Architecture overview

In this section, we will take a brief look at the internal organization of the Machin library, to better understand the functionality of every module.

Env

Currently machin.env has two sub modules: machin.env.utils and machin.env.wrappers.

The submodule machin.env.utils of the environment module provides some convenient utility functions you might will need in your own application, such as disabling the rendering window while keeping the rendered result in OpenAI gym.

The submodule machin.env.wrappers provides process-level parallel environment wrappers for different environments.

Framework

machin.frame is the most important core part of the Machin library, the framework module constitutes of:

  1. machin.frame.algorithms : RL algorithm implementations.

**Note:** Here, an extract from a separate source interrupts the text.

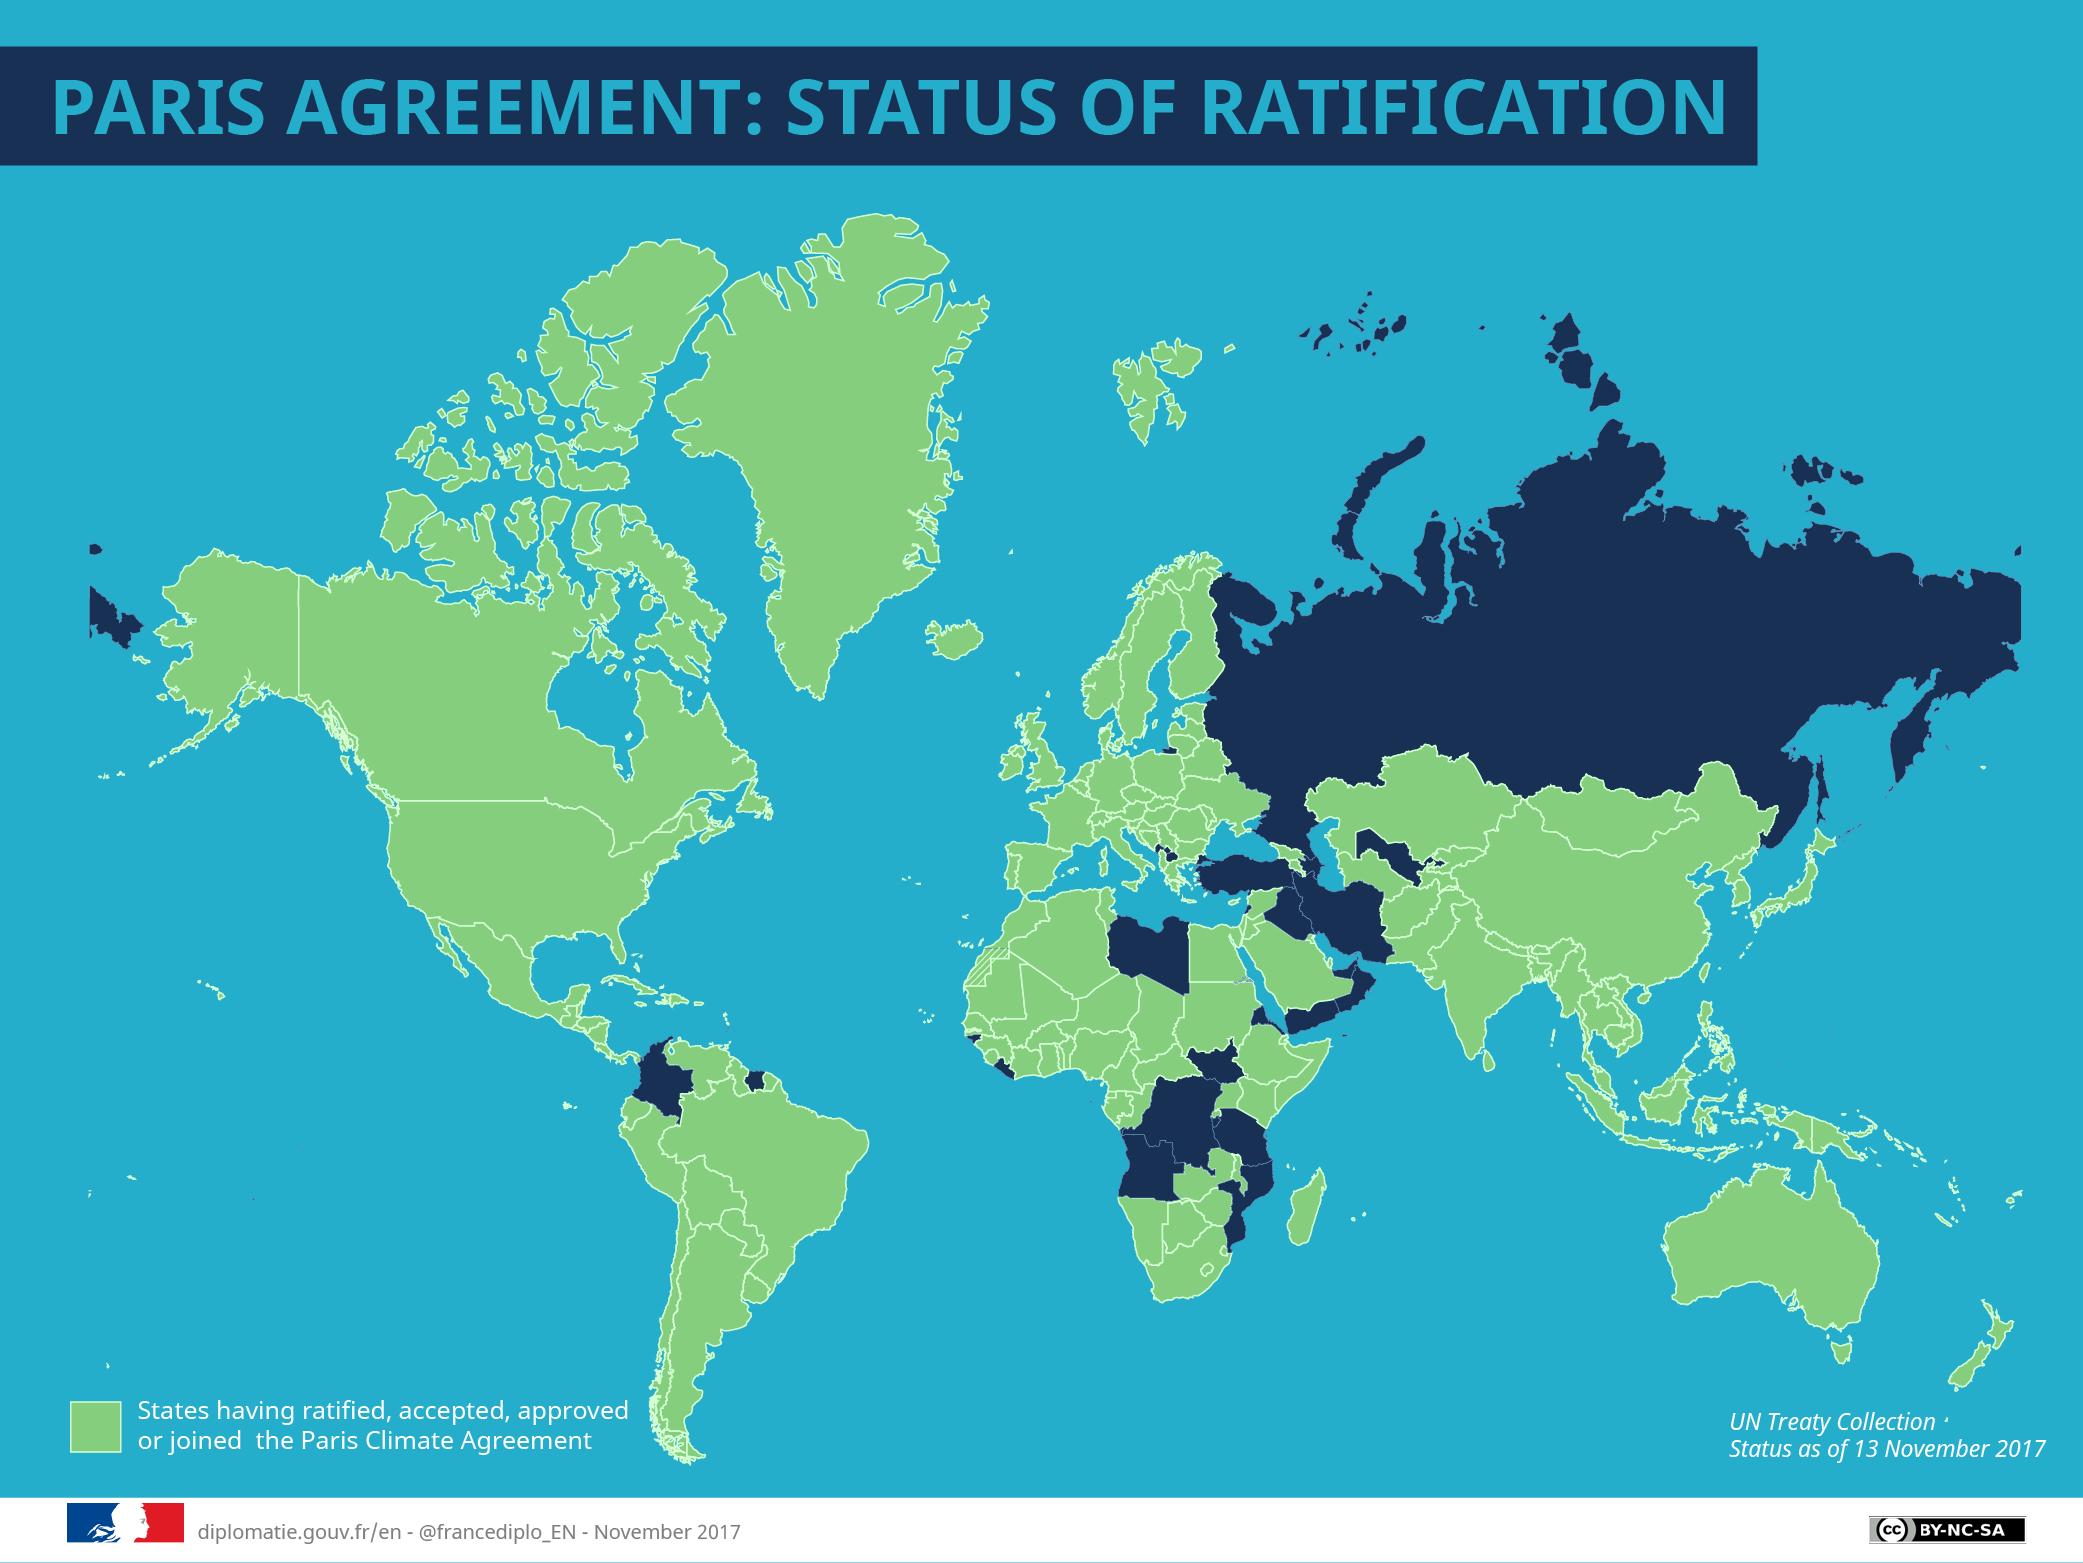 COP21: The key points of the Paris Agreement

  2. machin.frame.buffers : Replay buffer implementations.

  3. machin.frame.helpers : Utility to help you initialize a framework.

  4. machin.frame.noise : Action space & parameter space noise generators.

Model

machin.model is a collection of popular network models you might will use in your own program, for example, ResNet.

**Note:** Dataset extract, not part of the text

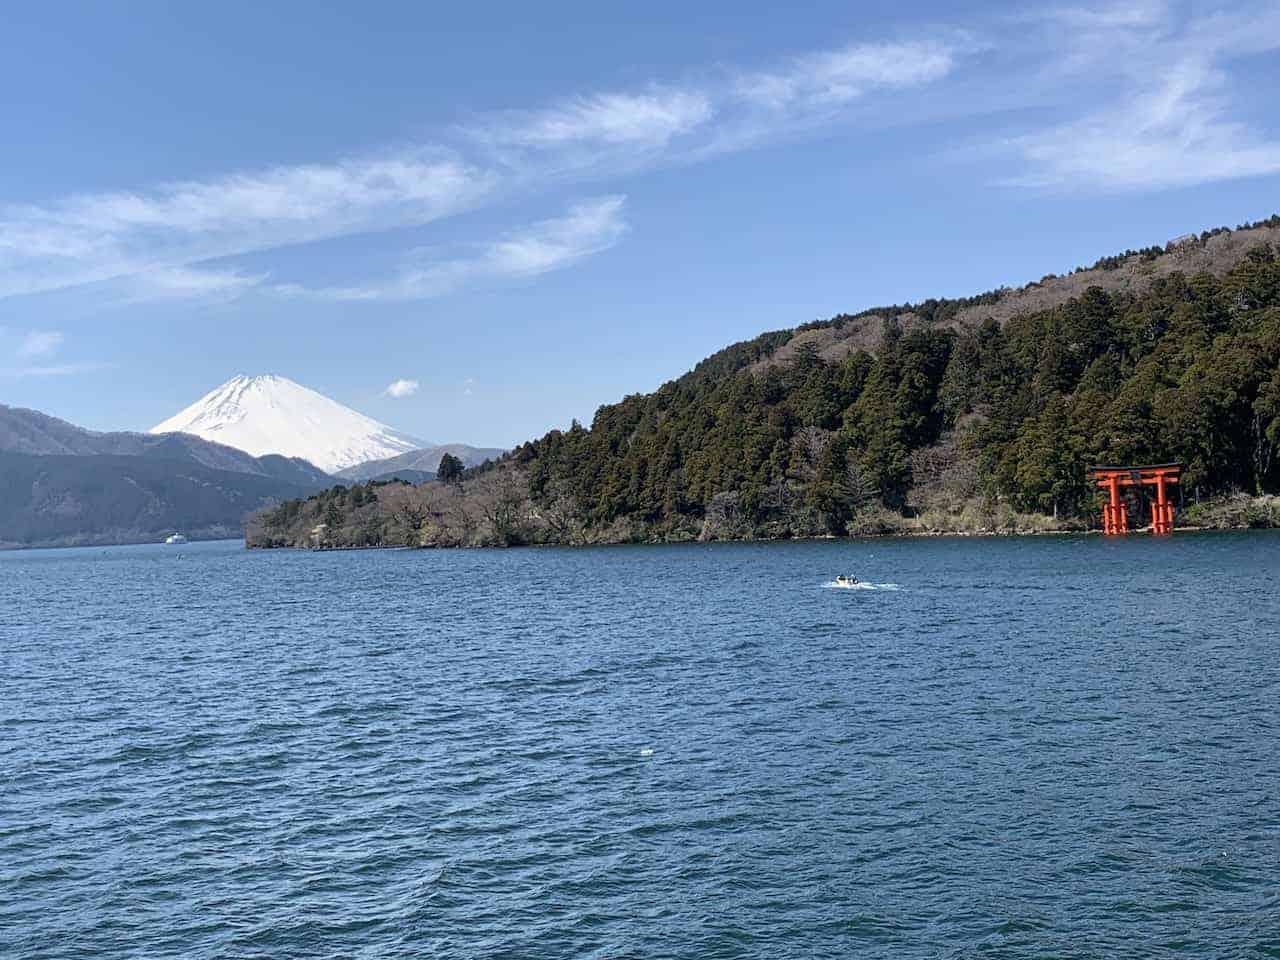 Mount Fuji Hakone Shrine View

Model module also contains the basis of all network modules: NeuralNetworkModule, this wrapper is built upon regular torch.nn.Module, and allows users to specify input/output sub module.

Parallel

machin.parallel is the second core part of the Machin library, the parallel module is a collection of refined implementations including:

  1. machin.parallel.thread : Thread (With exception catching).

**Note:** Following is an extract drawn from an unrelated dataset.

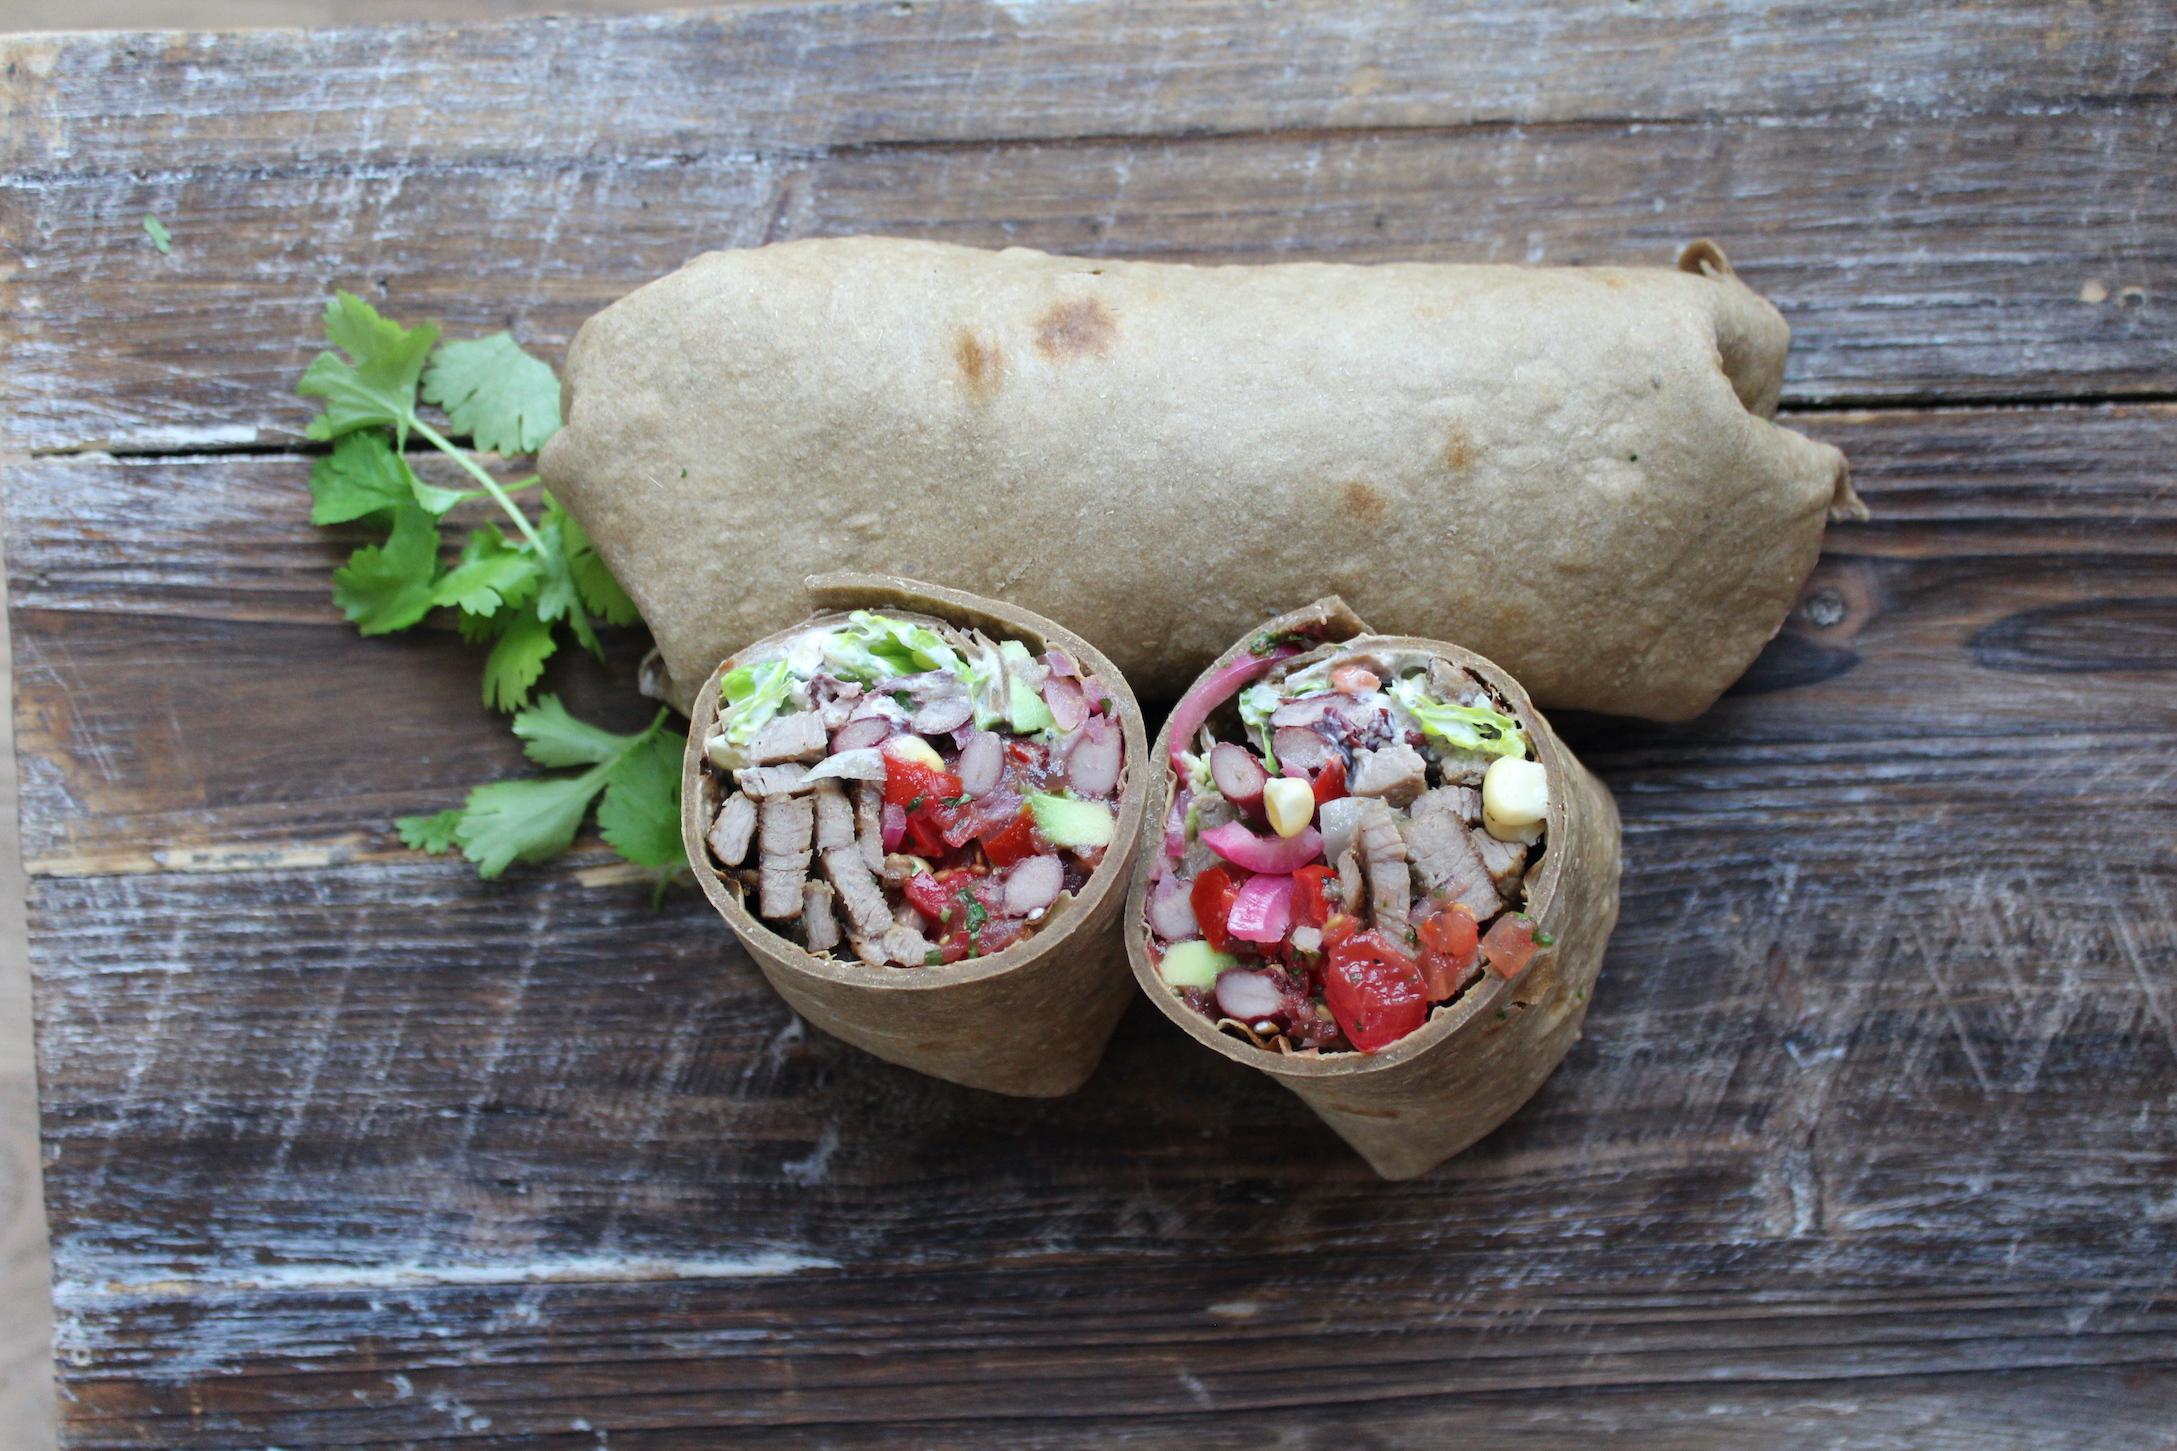 Man cookbook Burrito with Super Grain Flour from IPA

  2. machin.parallel.process : Process (With remote exception catching).

  3. machin.parallel.queues : Queues. (Used in pools).

  4. machin.parallel.pool : Process pools (allow local functions,
    customize serialization policy), thread pools, pools with contexts, etc.
  5. machin.parallel.assigner : Heuristic based model-device assignment.

  6. machin.parallel.server : Implementations of different servers used in distributed
    algorithms such as A3C, DQNApex, DDPGApex and IMPALA.
  7. machin.parallel.distributed : A naive implementation of a part of

Utils

machin.utils is a messy hotchpotch of various tools, it is very hard to categorize them, but they could be helpful sometimes, so we left them here:

  1. machin.utils.checker : A checker implementation, using forward & backward hooks
    provided by pytorch to check the input/ouput, input gradient of models. Supports user
    defined checkers and tensorboard.
  2. machin.utils.conf : Functions designed to load/save a json configuration file, as
    well as loading parametrs from commandline.
  3. machin.utils.helper_classes : Various helper classes, such as Timer, Counter, etc.
  4. machin.utils.learning_rate : Functions used in learning rate schedulers. Useful
    if you would like to have finer control over the learning rate.
  5. machin.utils.loading : Logging utility module.

  6. machin.utils.media : Media writing utility, mainly images and videos, useful if you would
    like to log rendered environments.
  7. machin.utils.prepare : Functions used to create directories, loading models (take care of
    devices automatically), for preparing a training session.
  8. machin.utils.save_env : A standard reinforcement training environment creator, will create
    unique directories by time for you.
  9. machin.utils.visualize : Visualize your model, currently only contains some simple functions
    for gradient flow checking.
  10. machin.utils.tensorboard: A simple tensorboard wrapper.